One example of anti-malware technology are systems (e.g. hardware and/or software) that is used to counter malicious botnets. A malicious botnet is a type of malware that is used to gain control over a number of computers (referred to as “bots”). A botnet controller uses a server called a command and control (C&C) server to communicate with the bots to command them to engage in malicious activities. For example, a botnet controller may use a number of bots to cause a distributed denial of service (DDoS) attack, which attempts to render a machine or network resource unavailable by flooding the resource with illegitimate communications, such as fraudulent requests for resources. Anti-malware systems counter DDoS attacks by identifying, analyzing, and blocking network traffic that originates from malicious botnets and removes the malicious traffic before such traffic reaches its intended destination.
One way to identify malicious traffic is to capture and analyze the binary malware samples and communications between individual bots and their command and control (C&C) servers. Such communications can be captured through sensors, honeypots, and/or spam traps. Once captured, these communications can be analyzed to determine valuable information about the botnet, such as a C&C server, the target, and motives of the entity behind the botnet. Such information can then be used to prevent attacks or to prevent the malicious traffic from reaching its source.
It has become more difficult, however, to identify and monitor communications between C&C servers and bots because there is an increasing trend by which encryption is used to protect the communications between C&C servers and bots. Such encryption can be defeated if a security researcher has access to the cryptographic key and method by which the communication is encrypted. Accordingly, what is needed are systems and methods for automatically extracting cryptographic keys from malware.
SUMMARY OF THE INVENTIONThe purpose and advantages of the invention will be set forth in and apparent from the description that follows. Additional advantages of the invention will be realized and attained by the devices, systems and methods particularly pointed out in the written description and claims hereof, as well as from the appended drawings.

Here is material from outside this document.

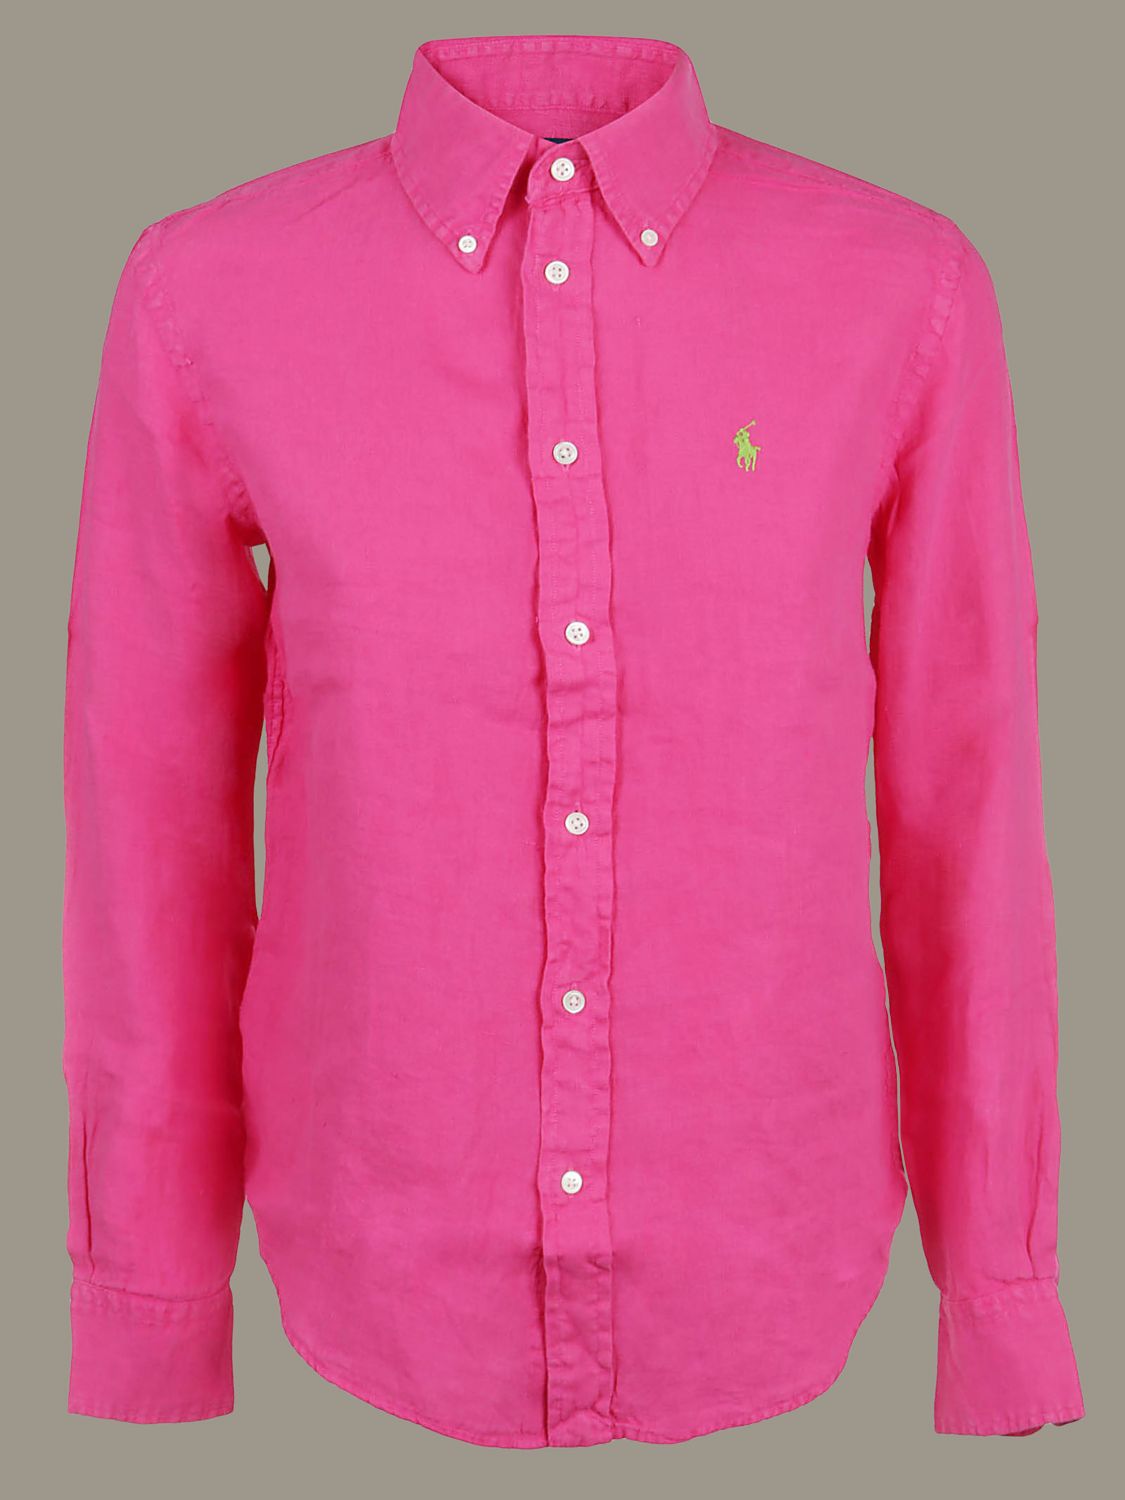 ralph lauren pink shirt womens

To achieve these and other advantages, and in accordance with the purposes of the below illustrated embodiments, in one aspect, a system and method for extracting cryptographic data from a data transmission is provided. A sample of the data transmission is obtained and analyzed statically and/or dynamically. The sample is classified as belonging to a malware family based on this analysis. An extraction engine is selected corresponding to the malware family. The extraction engine is utilized to extract cryptographic data from the sample.
The accompanying appendices and/or drawings illustrate various non-limiting, example, inventive aspects in accordance with the present disclosure:
The present invention is now described more fully with reference to the accompanying drawings, in which an illustrated embodiment of the present invention is shown. The present invention is not limited in any way to the illustrated embodiment as the illustrated embodiment described below is merely exemplary of the invention, which can be embodied in various forms, as appreciated by one skilled in the art. Therefore, it is to be understood that any structural and functional details disclosed herein are not to be interpreted as limiting, but merely as a basis for the claims and as a representative for teaching one skilled in the art to variously employ the present invention. Furthermore, the terms and phrases used herein are not intended to be limiting but rather to provide an understandable description of the invention.
Unless defined otherwise, all technical and scientific terms used herein have the same meaning as commonly understood by one of ordinary skill in the art to which this invention belongs. Although any methods and materials similar or equivalent to those described herein can also be used in the practice or testing of the present invention, exemplary methods and materials are now described. All publications mentioned herein are incorporated herein by reference to disclose and describe the methods and/or materials in connection with which the publications are cited.
It must be noted that as used herein and in the appended claims, the singular forms “a”, “an,” and “the” include plural referents unless the context clearly dictates otherwise. Thus, for example, reference to “a stimulus” includes a plurality of such stimuli and reference to “the signal” includes reference to one or more signals and equivalents thereof known to those skilled in the art, and so forth.
It is to be appreciated the embodiments of this invention as discussed below are preferably a software algorithm, program or code residing on computer useable medium having control logic for enabling execution on a machine having a computer processor. The machine typically includes memory storage configured to provide output from execution of the computer algorithm or program.
As used herein, the term “software” is meant to be synonymous with any code or program that can be in a processor of a host computer, regardless of whether the implementation is in hardware, firmware or as a software computer product available on a disc, a memory storage device, or for download from a remote machine. The embodiments described herein include such software to implement the equations, relationships and algorithms described above. One skilled in the art will appreciate further features and advantages of the invention based on the above-described embodiments. Accordingly, the invention is not to be limited by what has been particularly shown and described, except as indicated by the appended claims. All publications and references cited herein are expressly incorporated herein by reference in their entirety.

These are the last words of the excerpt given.